Чтобы успокоить впечатлительный орган пришлось брезгливо пнуть початый флакон с элитным пойлом нцатилетней выдержки в разрастающуюся кучу мусора. Следом в эту же кучу полетел гандон, судя по всему использованный. Возможно даже мною. Дырявый носок, три полупустые пачки “Святого Жоры”. Вершину мусорной пирамиды украсил граненый стакан, покрытый какой-то коричневой дрянью.
Спустя пару часов, старушка юности моей, отмытая до состояния “ипать-привет, как чисто” сверкала в лучах заходящего солнца так, что одной рукой я полировал бензобак, а другой вытирал слезы счастья. На первый взгляд к покатушкам все было готово. Но…
— Обломинго, — констатировал я, разглядывая совершенно пустой бак, в котором не то что бензина, даже запаха его не было.

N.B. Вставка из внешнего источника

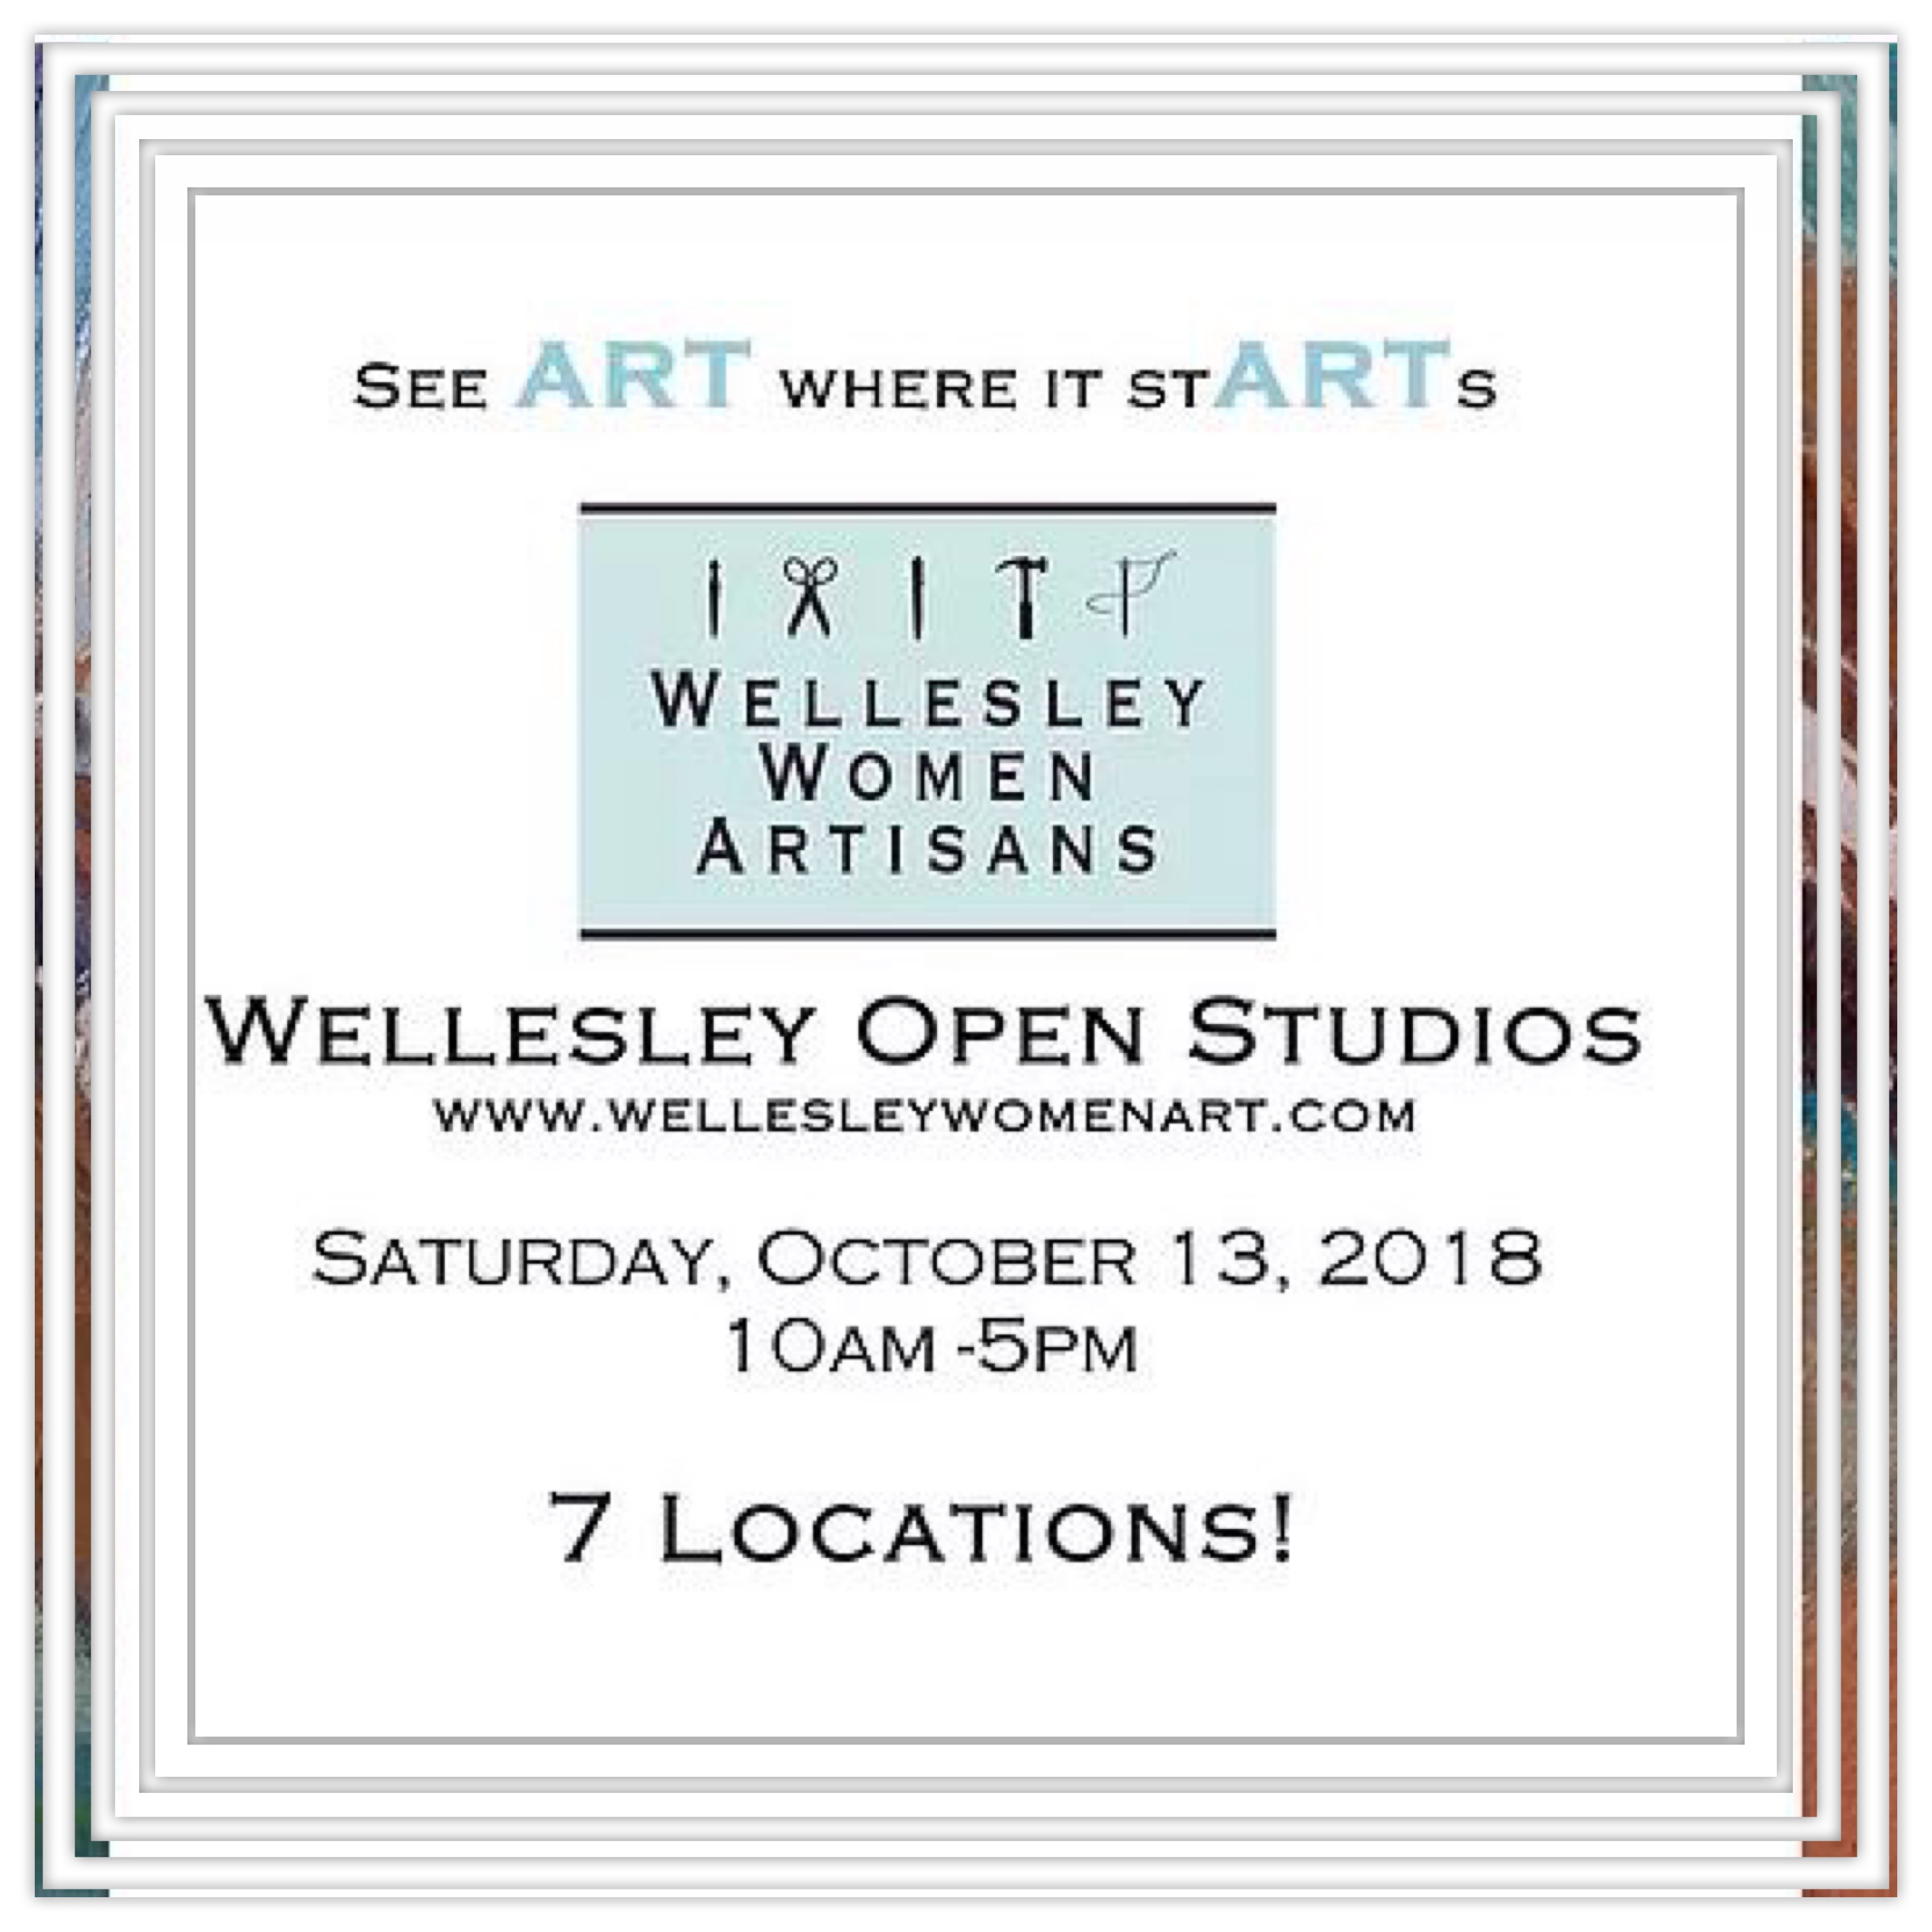 Wellesley open studios

Вместо знакомого аромата разбодяженого семьдесят шестого из бака перло олифой.
Из размышлений о превратностях судьбы и летучести бензина меня вывел рев мотоциклетного мотора в равных пропорциях смешанный с мальчишескими воплями и треском ломающегося штакетника.
— Таран — оружие героев, а в нашем случае — дебилов, — провозгласил я и отправился на разведку.
Картина за воротами, что называется, была маслом. Любимый бабкин палисадник, который она берегла хлеще, чем кащей ту иглу, подвергся вероломному вторжению мотоциклетной братии в лице Чижика. Я по “Чезетке” его опознал.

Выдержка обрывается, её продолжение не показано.